Auguste Mariette's Memorial at the Egyptian Museum - Nile Scribes


https://nilescribes.org/2018/11/17/mariette-memorial-egyptian-museum/

Auguste Mariette's Memorial at the Egyptian Museum

This week the Egyptian Museum in Cairo is celebrating its 116-year anniversary since it first opened its doors to the public on November 15, 1902. Since then it has become a must-visit destination for any tourist coming to Egypt. On the blog this week, the Nile Scribes take you to visit a hidden monument that museum-goers often miss in the museum's garden: the Auguste Mariette Memorial. On your next visit to the Egyptian Museum in Cairo, be sure to stop at the Mariette Memorial – it not only pays homage to Mariette's role in establishing the museum but also honours many other Fathers of Egyptology.

Entering Cairo's famous Egyptian Museum (Photo:                      Nile Scribes)Entering Cairo's famous Egyptian Museum (Photo: Nile Scribes)

In 1858, Khedive Said Pasha established Egypt's Antiquities Service (now the Ministry of Antiquities) and selected French archaeologist Auguste Mariette to be its first director. Mariette had made a name for himself with the discovery of the Serapeum at Saqqara at 1851. He advocated for a location near the Giza plateau, although when the first iteration of the museum finally opened in 1863, it would do so just north of its present location in Bulaq, Cairo. In 1887, when the Bulaq Museum collection had outgrown its original home, a new museum was opened at Giza in the Palace of Ismael Pasha. The Cairo collection remained in the Giza Museum until the completion of a new Egyptian Museum in 1902, when Gaston Maspero, then director of the museum, was tasked with moving the artefacts to their current home on Tahrir Square.

Looking toward the memorial which is to the                      left of the entrance (Photo: Nile Scribes)The Mariette Memorial is located on your right as you exit the museum (Photo: Nile Scribes)

Mariette's Memorial

When visitors enter the museum gates off of the busy Tahrir Square, they are most often drawn immediately into the museum and make haste through the garden toward the entrance doors. The museum's garden contains some especially large pieces, including the hawk-headed stone sarcophagus of Horsiese and the pyramidion from an obelisk of Hatshepsut. To the left of the entrance "hides" a monument that attests to the history of the museum's establishment: the Auguste Mariette Memorial. Auguste Mariette was the first individual to head the Antiquities Service, which he helped establish in the mid-nineteenth century, and the founding director of the Bulaq Museum. After Mariette's death, he was interred beside the Bulaq Museum but in July of 1902 his tomb was moved to its final resting place in the Egyptian Museum's garden.

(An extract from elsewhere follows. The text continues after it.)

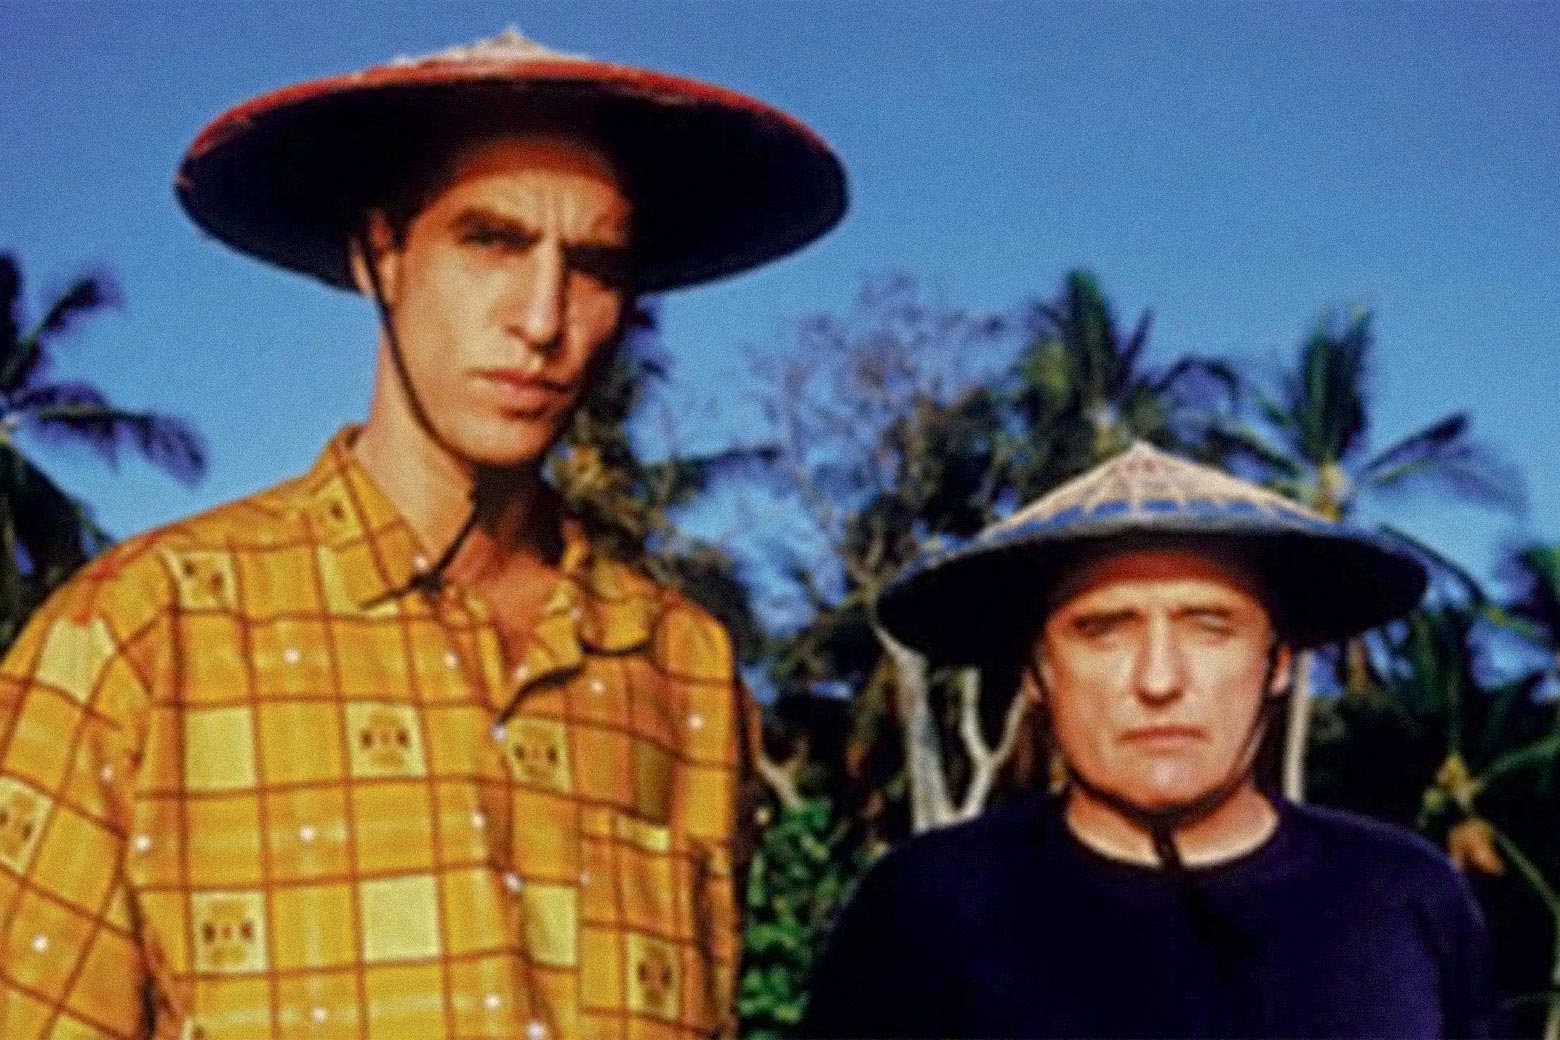 Before Painting With John, John Lurie was fake-hunting giant squid

The plaque on the Mariette Memorial (Photo: Nile Scribes)

The Fathers of Egyptology

Mariette's tomb forms the centrepiece of the memorial, but his image atop the sarcophagus is kept company by 24 busts that honour individuals who helped to shape the beginning of Egyptology, many of whom served as directors or curators at the Egyptian Museum during their careers. On the lower register sit the images of ten Egyptologists – five Egyptians and five Europeans: Labib Habachi, Samy Gabra, Selim Hassan, Ahmed Kamal, Zakaria Goneim, Jean-François Champollion, Amedeo Peyron, Willem Pleyte, Gaston Maspero, and Peter le Page Renouf.

Bust of Labib Habachi (Photo: Nile Scribes)Bust of Labib Habachi (Photo: Nile Scribes)

Labib Habachi (1906-1984)

Born in Mansoura in the Egyptian Delta, Labib Habachi was an Egyptologist and Coptologist who was among the first to graduate from Cairo University's new Institute of Egyptology. During his thirty-year career in the Egyptian Antiquities Service, Habachi excavated at the Delta sites of Kom Wasit and Tell el-Daba'a, and was the first to propose that Tell el Daba'a should be identified as Avaris, the Hyksos capital. He is best known for his publications on Egyptian obelisks and the sanctuary of Heqaib in Elephantine. Habachi was buried at the Saint Tawdros Monastery in Luxor, beside Malqata.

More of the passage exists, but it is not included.